Mark Ellenbogen and Christopher Cardoso, researchers in Concordia’s Centre for Research in Human Development are taking a closer look at oxytocin, a hormone traditionally studied for its role in childbirth and breastfeeding, and more recently for its effect on social behaviour. Their latest study, published in the peer-reviewed journal Psychoneuroendocrinology, shows that oxytocin can increase a person’s trust in others following social rejection.
Explains Ellenbogen, “that means that instead of the traditional ‘fight or flight’ response to social conflict where people get revved up to respond to a challenge or run away from it, oxytocin may promote the ‘tend and befriend’ response where people reach out to others for support after a stressful event. That can, in turn, strengthen social bonds and may be a healthier way to cope.”

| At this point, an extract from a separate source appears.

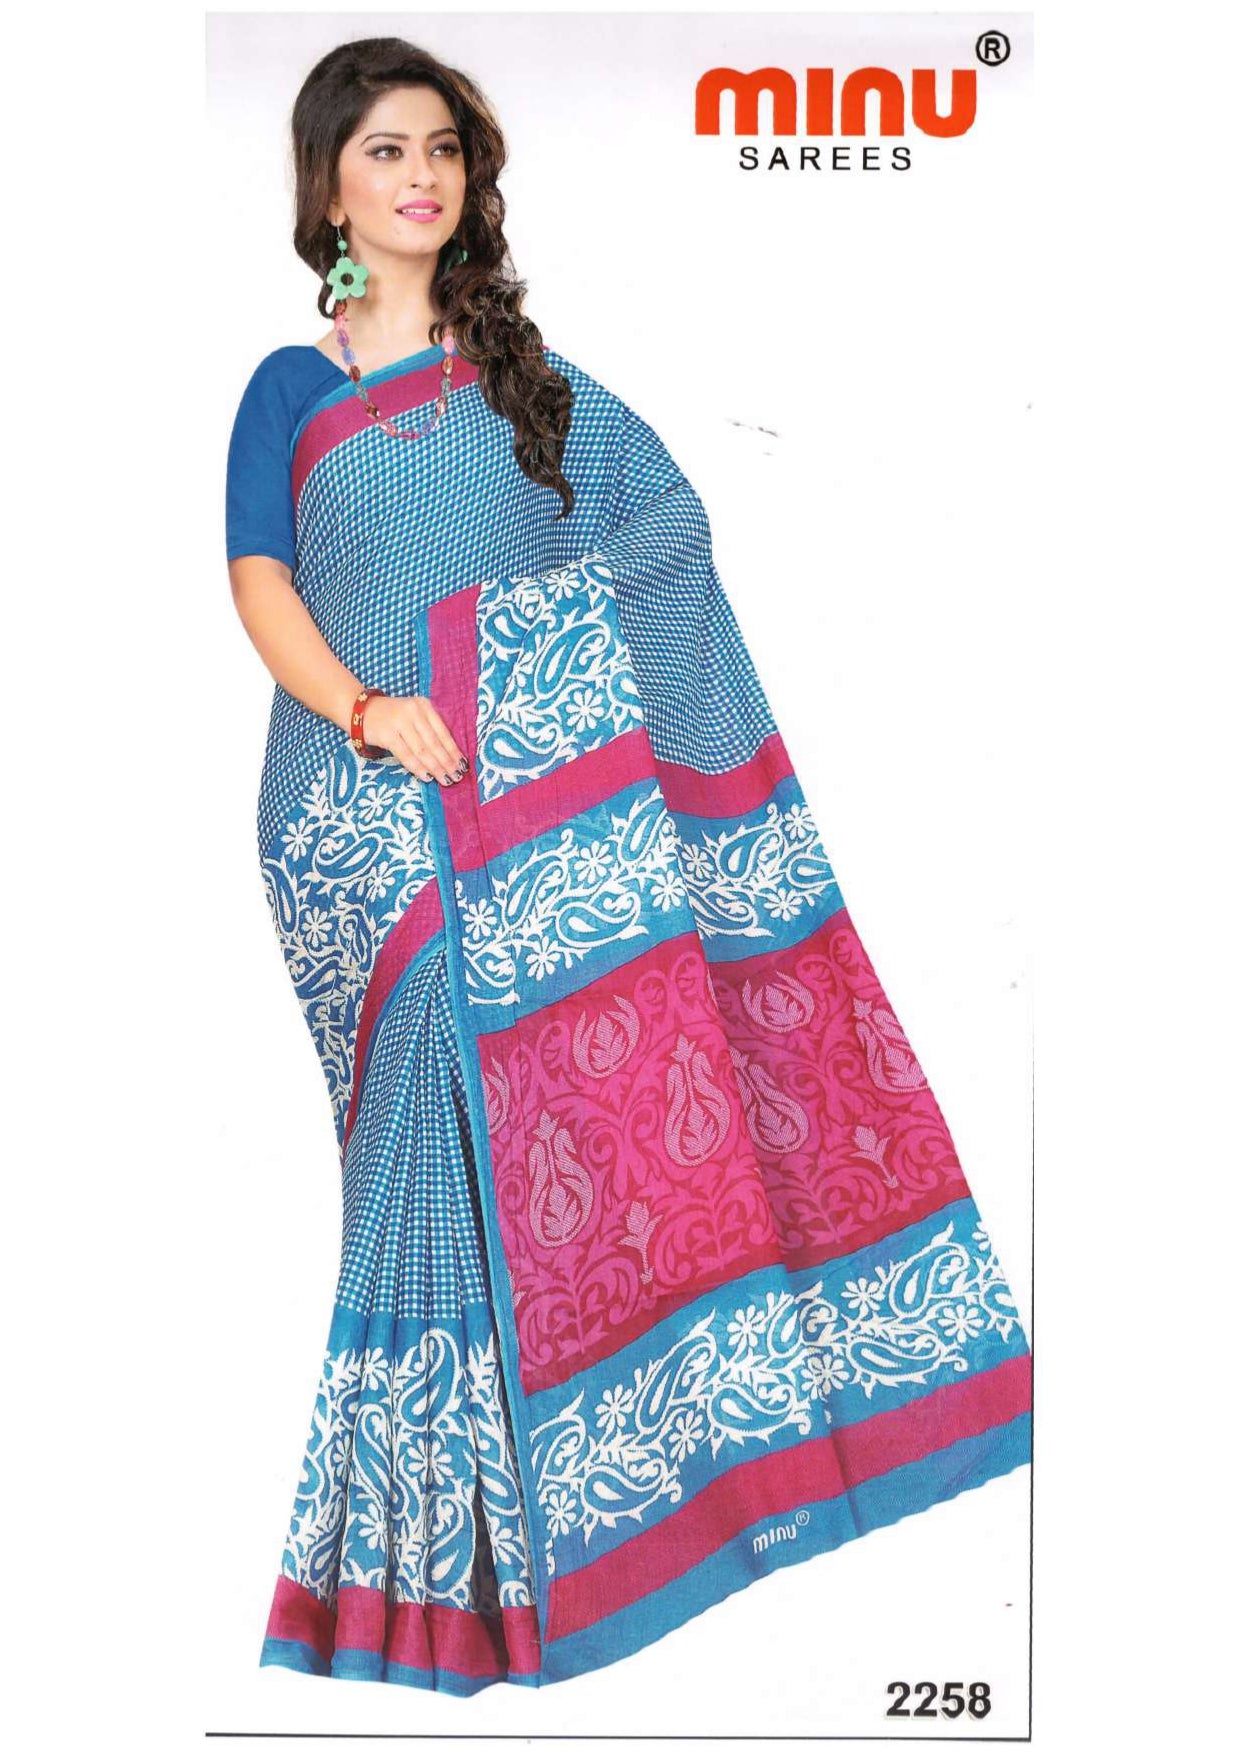 Woman wearing most fashionable printed saree at best prices
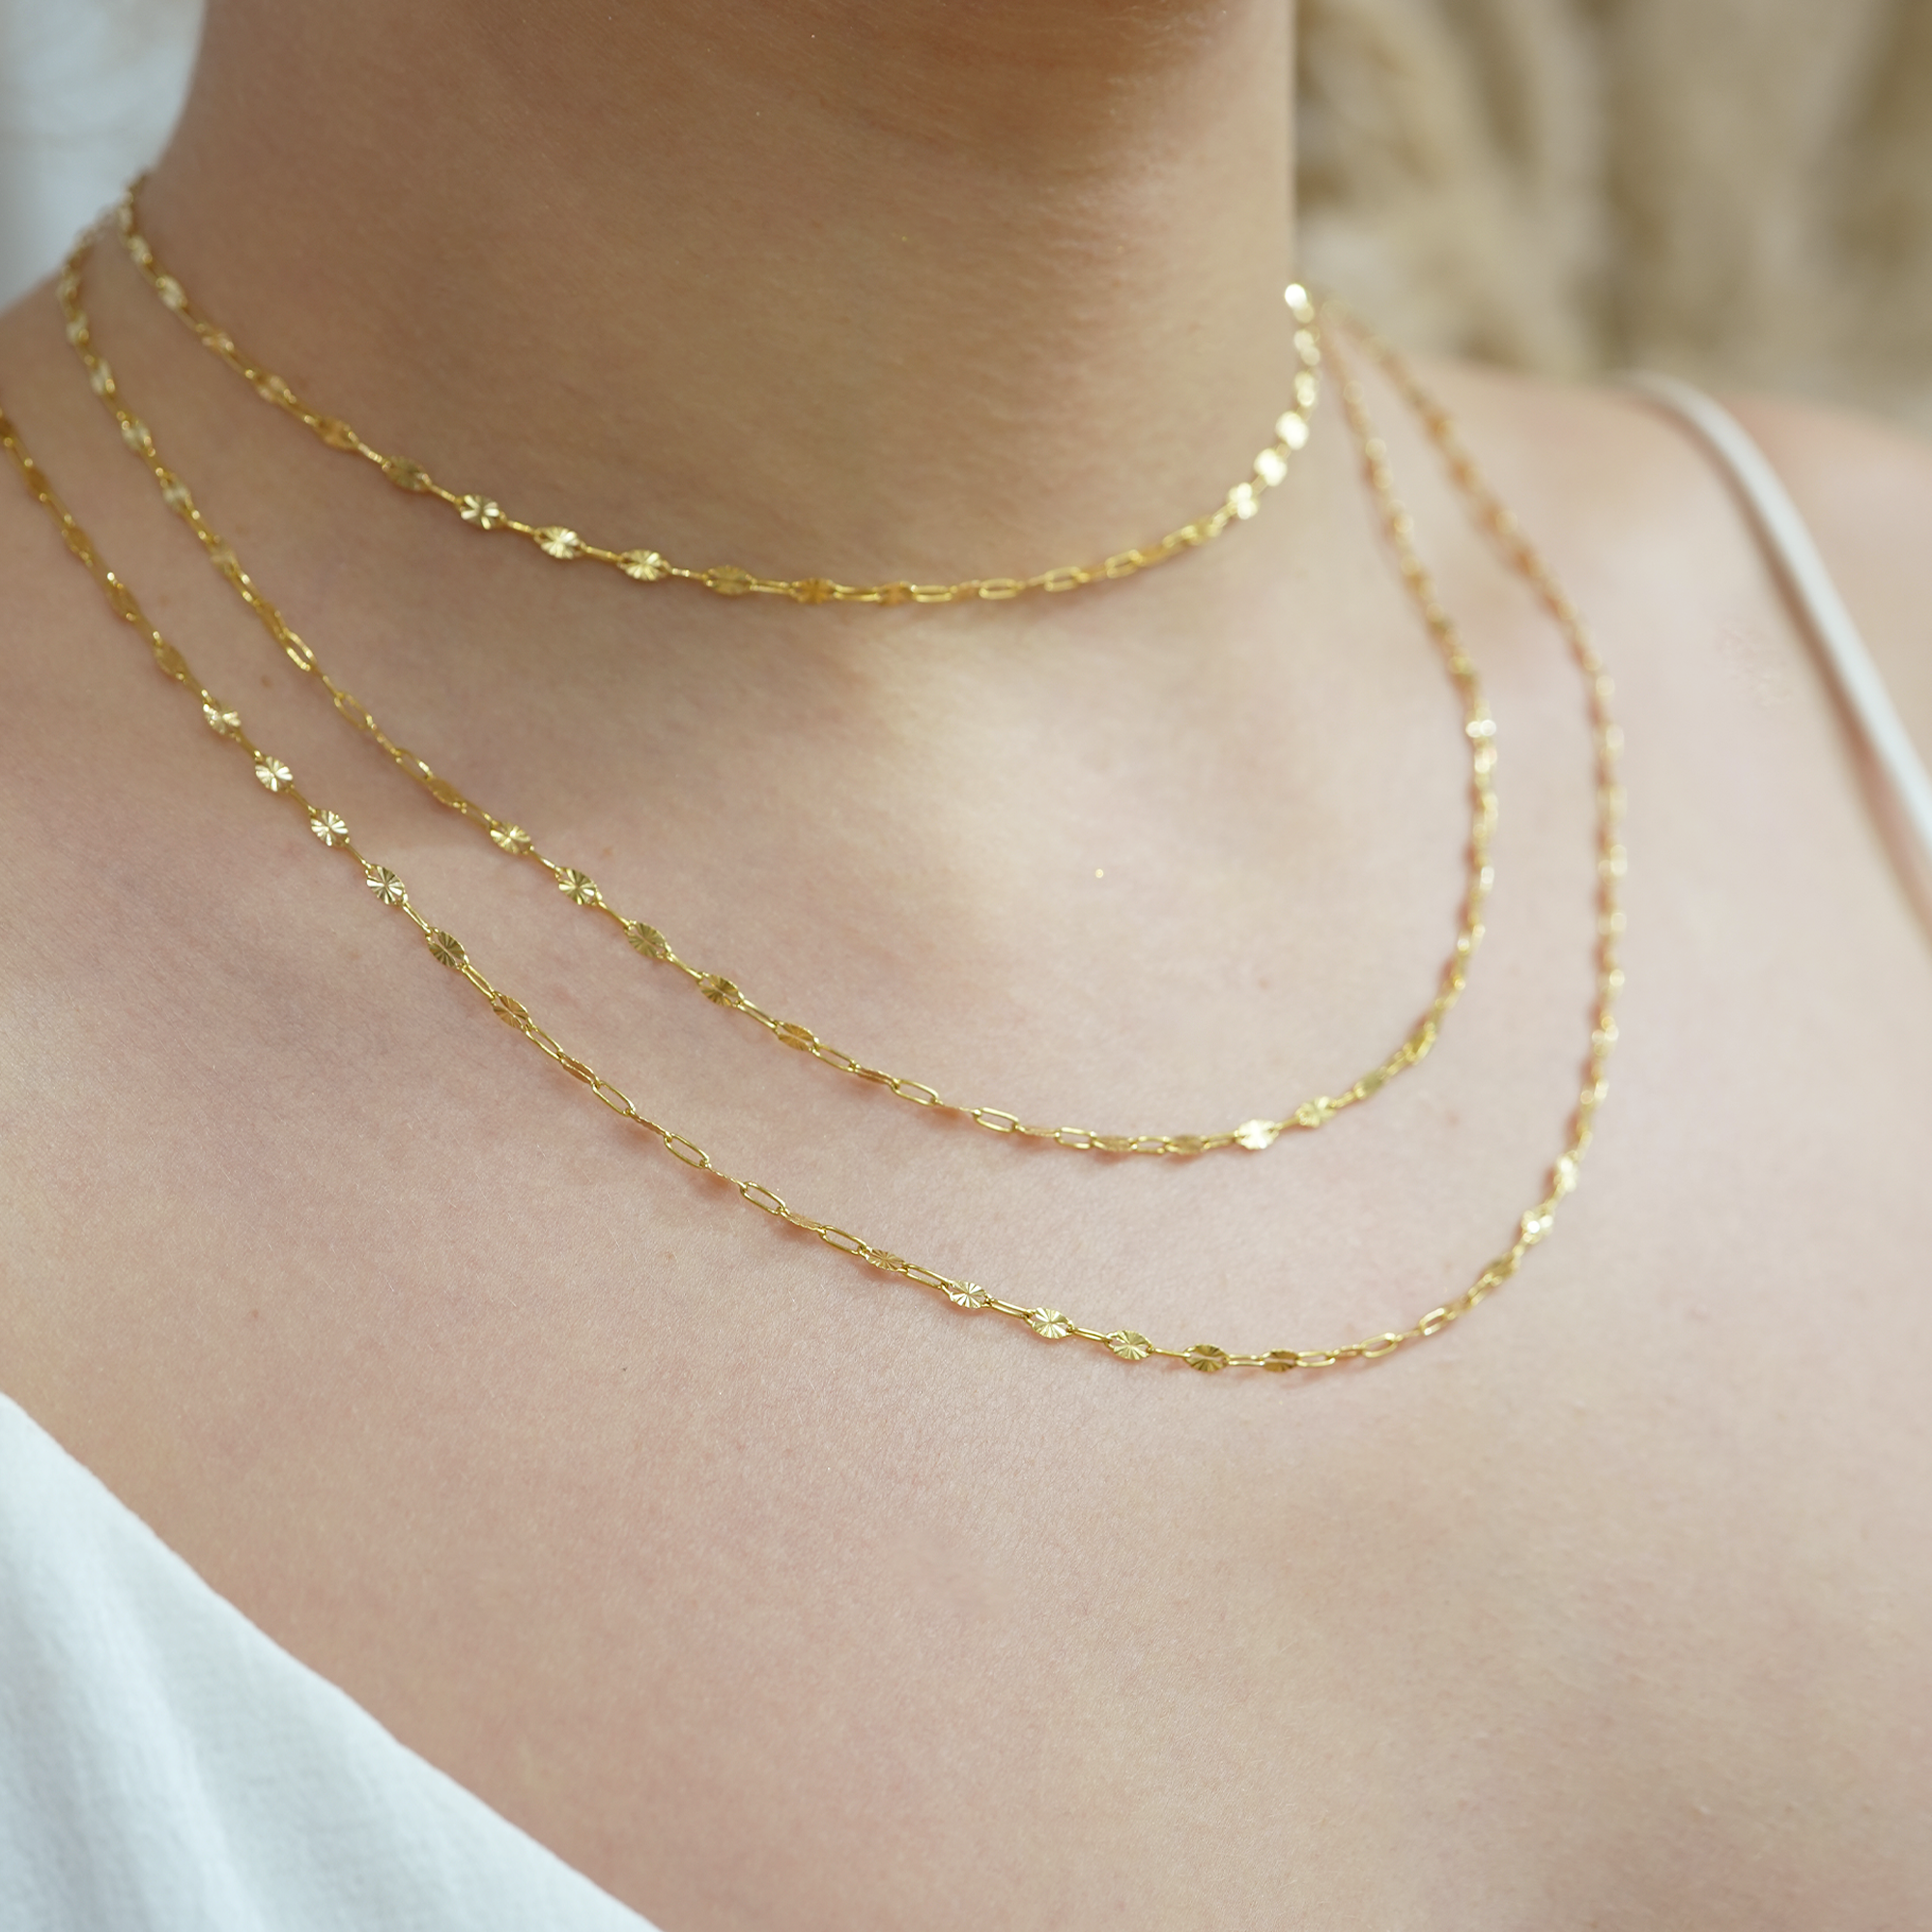 THE OVAL CLIP CHAIN NECKLACE

In a double-blind experiment, 100 students were administered either oxytocin or a placebo via a nasal spray, then subjected to social rejection. In a conversation that was staged to simulate real life, researchers posing as students disagreed with, interrupted and ignored the unsuspecting participants. Using mood and personality questionnaires, the data showed that participants who were particularly distressed after being snubbed by the researchers reported greater trust in other people if they sniffed oxytocin prior to the event, but not if they sniffed the placebo. In contrast, oxytocin had no effect on trust in those who were not emotionally affected by social rejection.
–Taken from the article “Feeling stressed? Oxytocin could help you reach out to others for support” by Concordia University, in Science Daily.